### Input

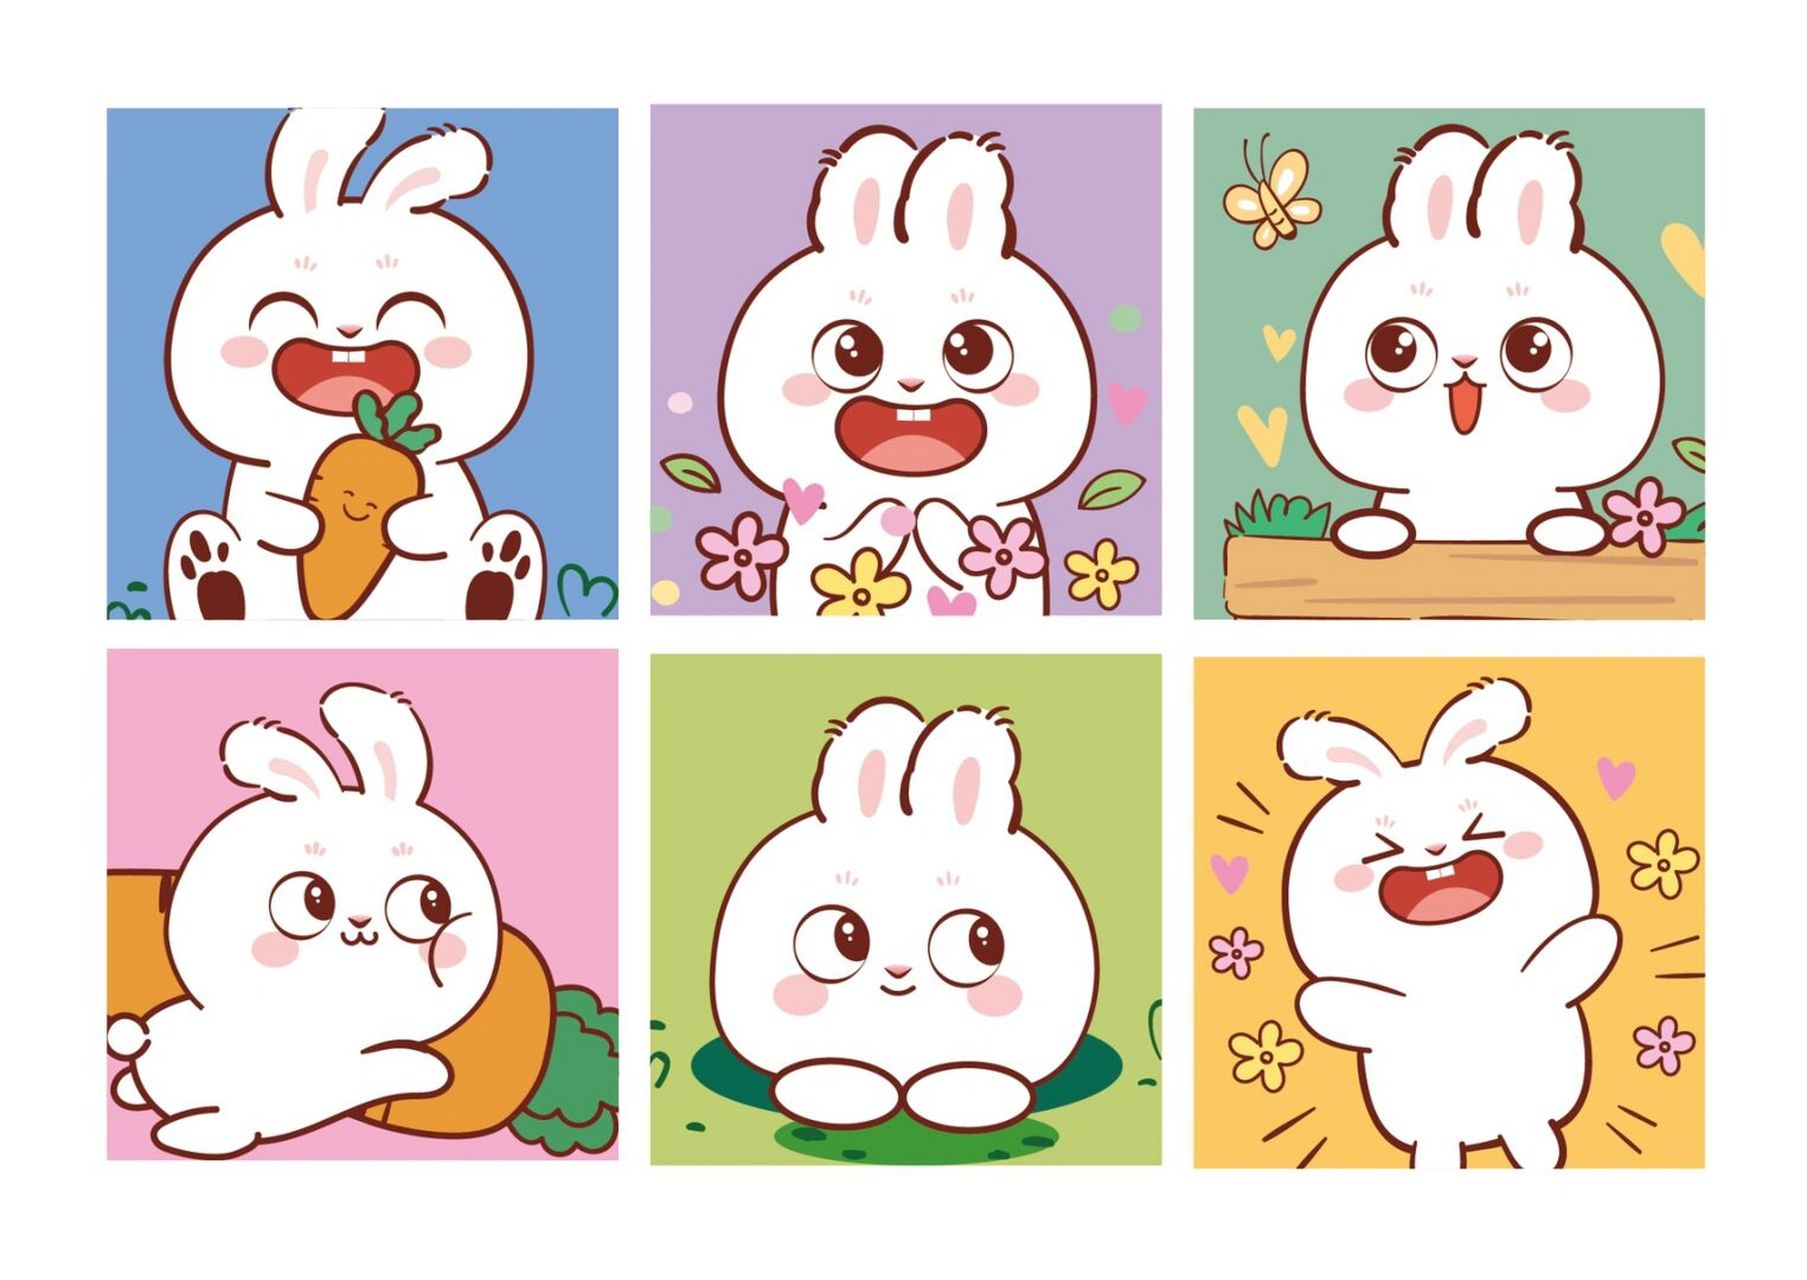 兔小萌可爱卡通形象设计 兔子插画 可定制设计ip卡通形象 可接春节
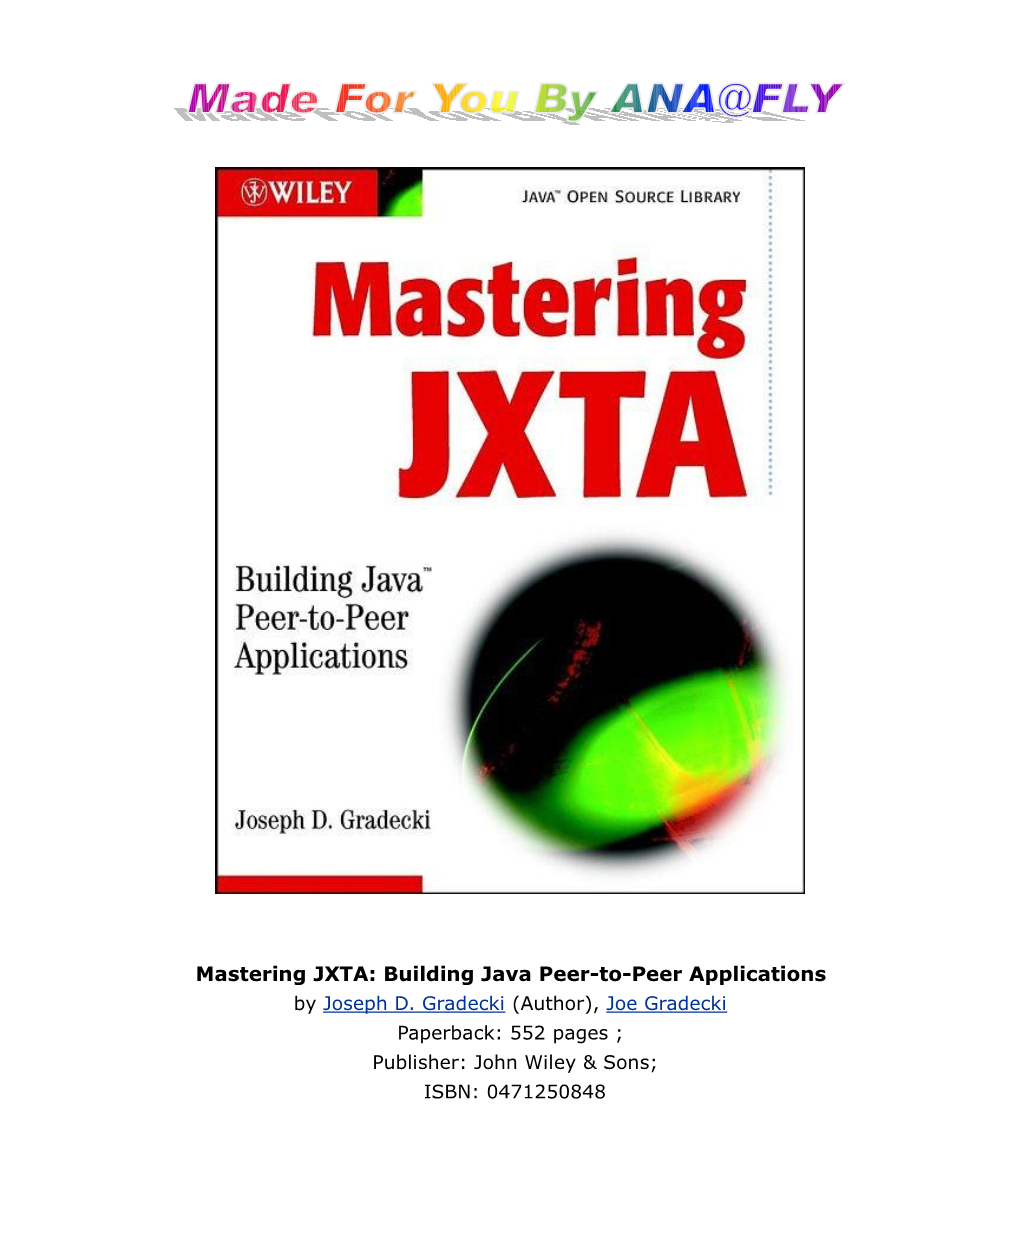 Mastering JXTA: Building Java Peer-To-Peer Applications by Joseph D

--

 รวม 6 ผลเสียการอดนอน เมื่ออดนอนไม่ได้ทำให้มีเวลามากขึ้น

==

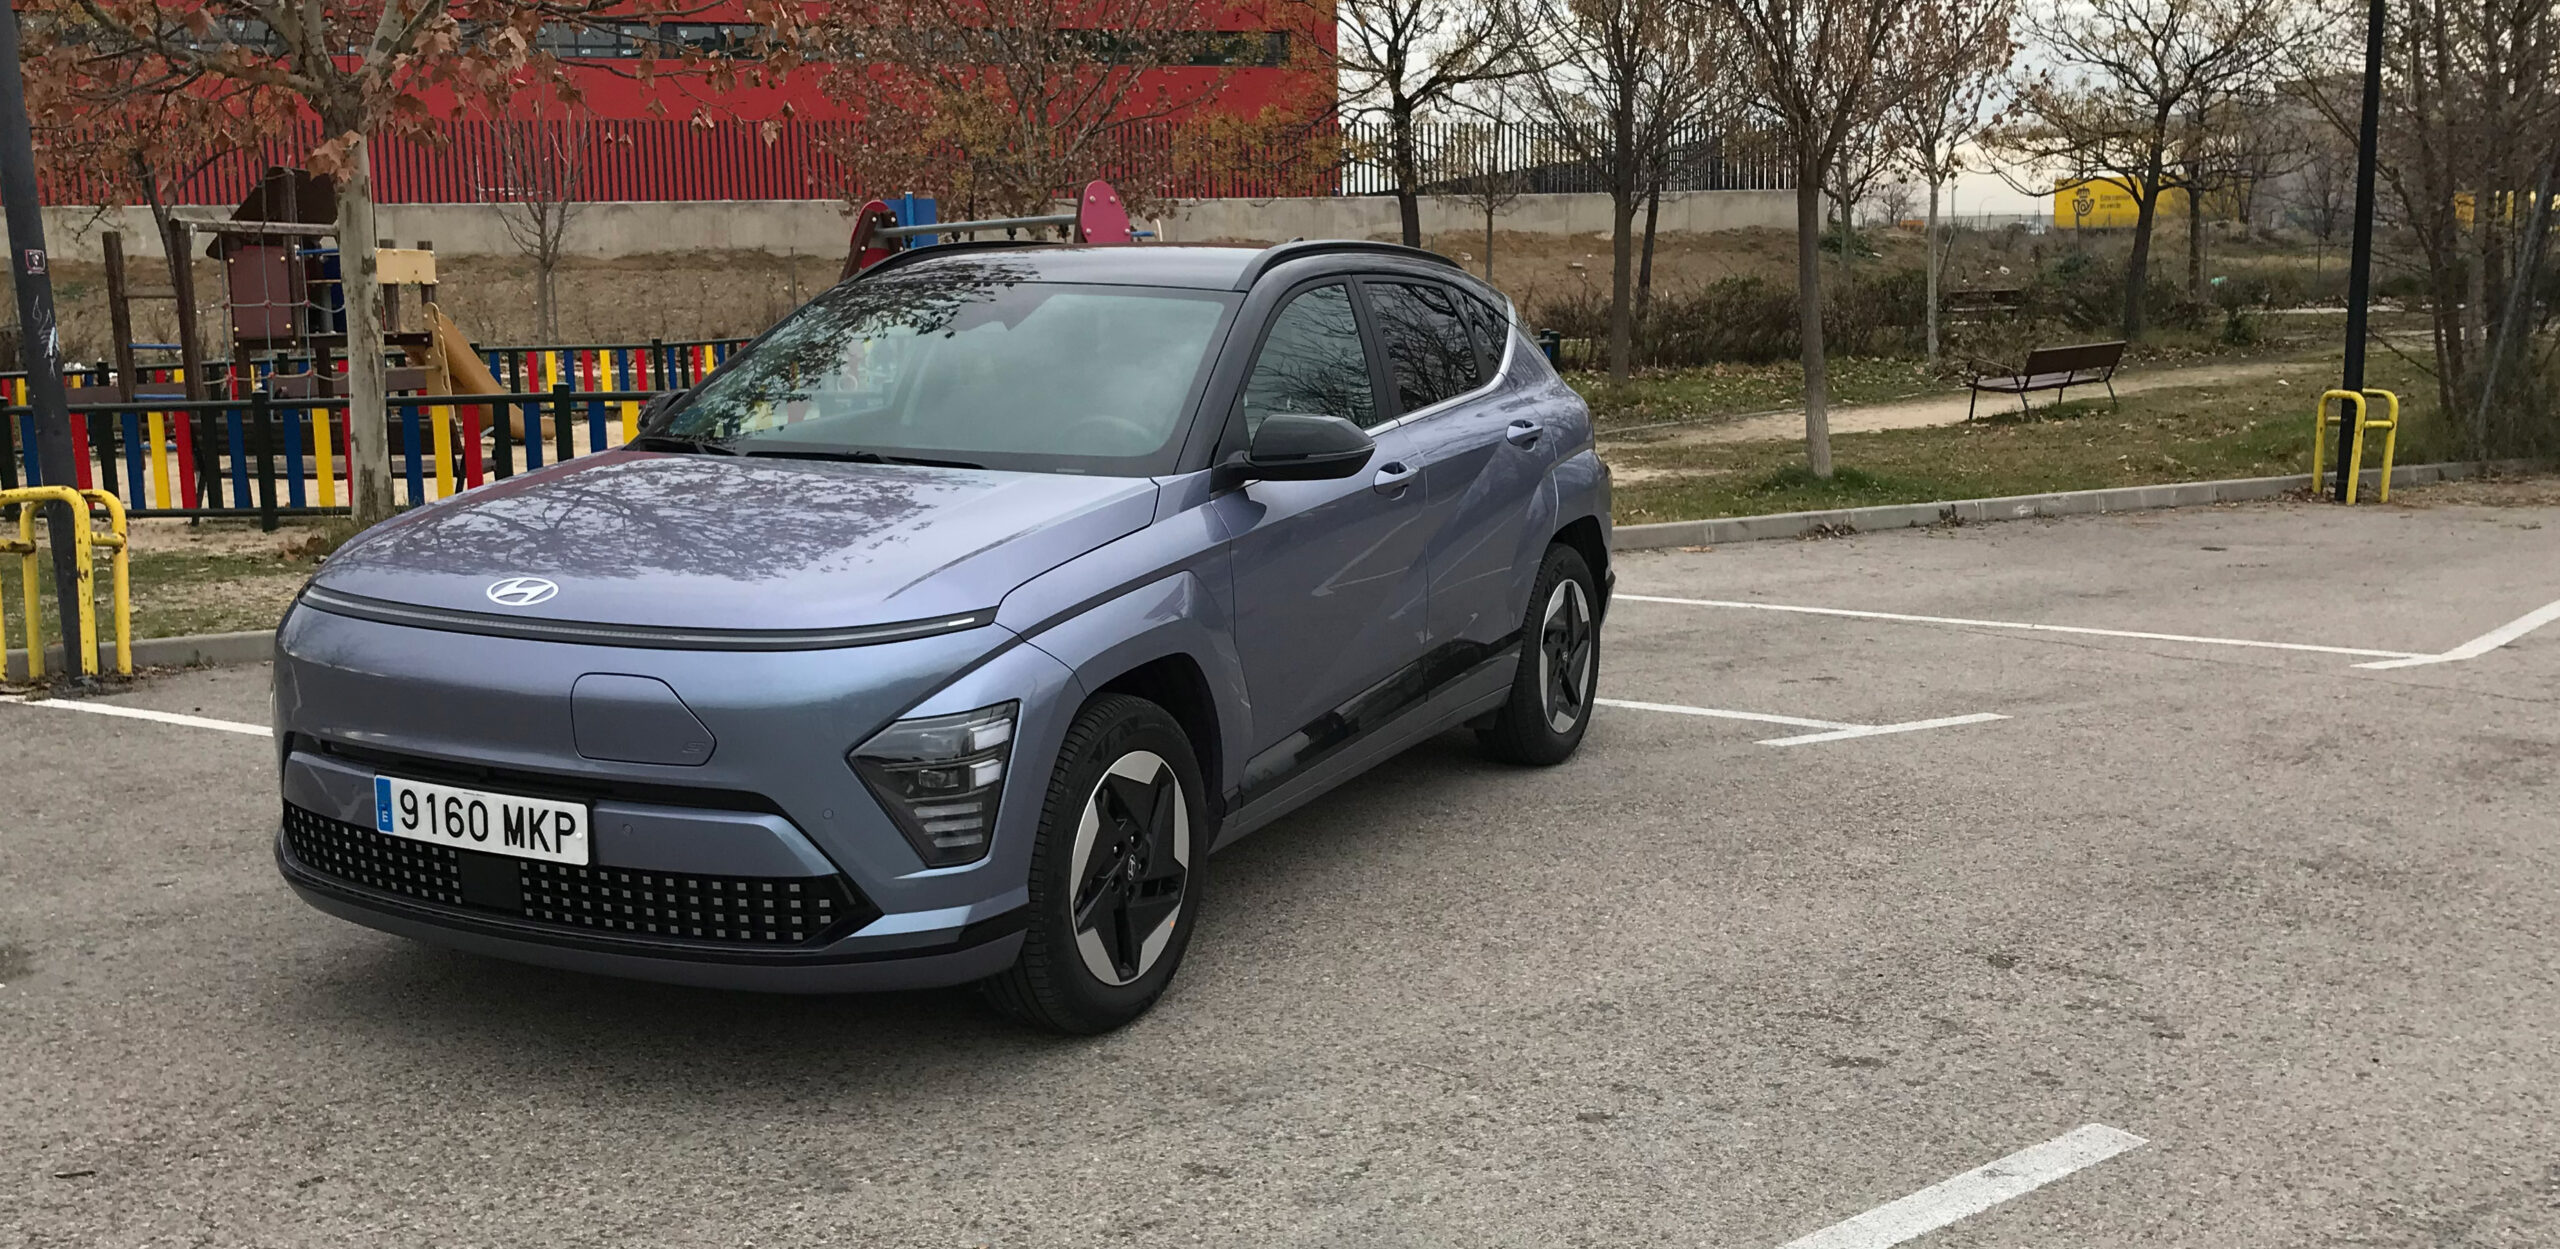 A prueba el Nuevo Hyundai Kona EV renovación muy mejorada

### Task objective
Copy only these lines from the records above, exactly: the one with "兔小萌可爱卡通形象设计 兔子插画 可定制设计ip卡通形象 可接春节", the one with "Mastering JXTA: Building", and those between. Skip the pictures.

### Your solution
 兔小萌可爱卡通形象设计 兔子插画 可定制设计ip卡通形象 可接春节
 Mastering JXTA: Building Java Peer-To-Peer Applications by Joseph D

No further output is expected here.